Governance systems are responsible for implementing human intervention, and several approaches have emerged over the years:

• Totalitarian political parties: Unilateral parties can decide individually how to upgrade the system (many projects, including BTC, started this way).
• Rough consensus: The majority of participants said they were ready to deploy the upgrade, determine the mark day, and then perform the upgrade on the mark day (BTC/ETH).
• Voting agreement: All parties participate in the election and explicitly vote on whether to approve the escalation.
• No interference: Smart contracts can be immutable, and the system can never be changed.

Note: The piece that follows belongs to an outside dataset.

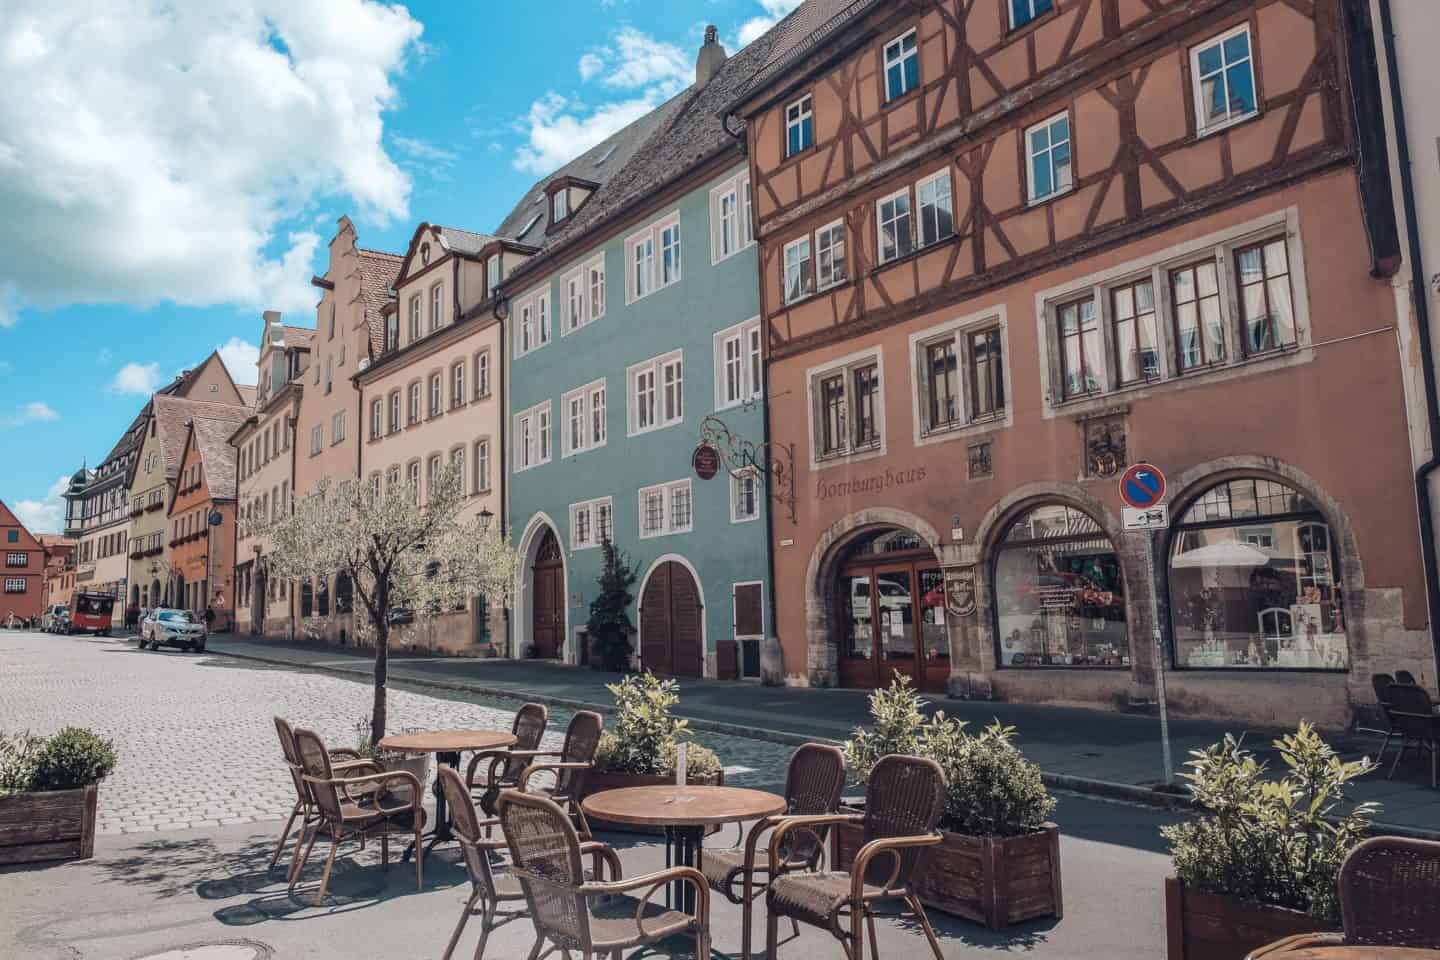 View of old street and multicolored buildings on one of the best Day Trips From Nuremberg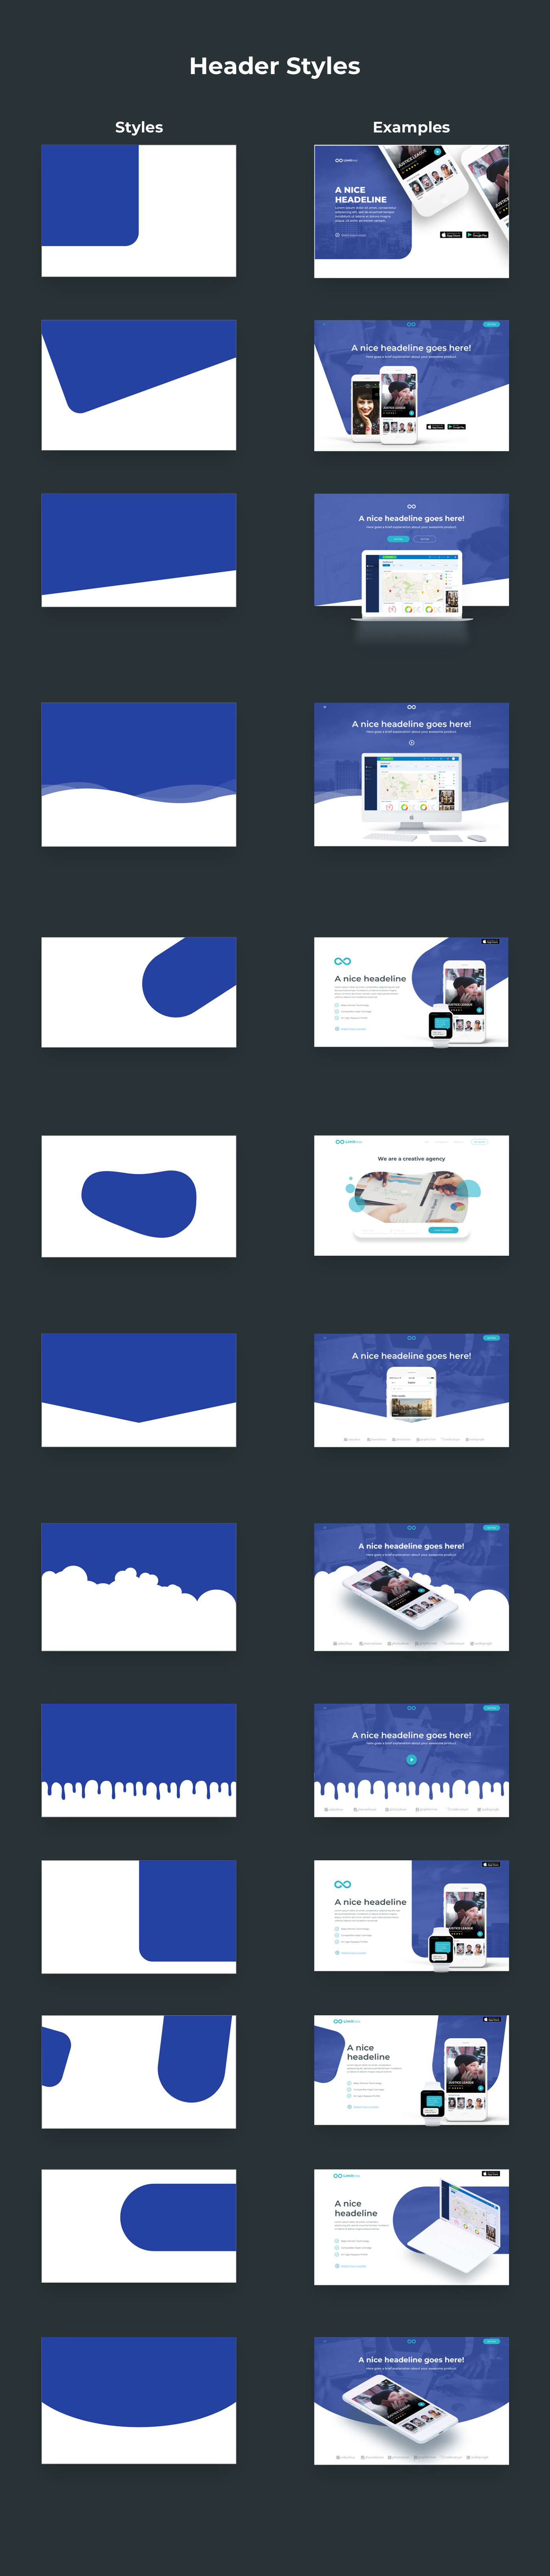 4d8e8962696433.5a9fd78368fb5 - Limitless - Massive set of layouts and UI components for Sketch

In addition to the above, the community can also decide to appoint a safety committee as a complementary option to governance to act quickly in an emergency.

The Security Council does not stop the attack. This is a passive mechanism that works alongside governance when a blockchain protocol’s user funds or system reliability/performance are attacked.

Finally

All discussions around blockchain protocols, governance, and security committees are crucial. The existence of this discussion is what makes cryptocurrencies so special.

This is a good example of trust engineering: an engineering discipline that focuses on identifying, measuring, and reducing/eliminating trust elements in a system.

In cryptocurrency, we focus on building systems that not only protect users from powerful system operators, but also enable them to operate reliably (safely) under the most adverse conditions.

That’s why it’s healthy for community members to be skeptical about the role of the safety committee, but they have a responsibility to come up with better solutions during emergencies to protect user funds in a reactive way.

I hope this article will make it clear why security committees are useful, they are necessary today, but they are only a small part of the broader architecture of smart contract systems.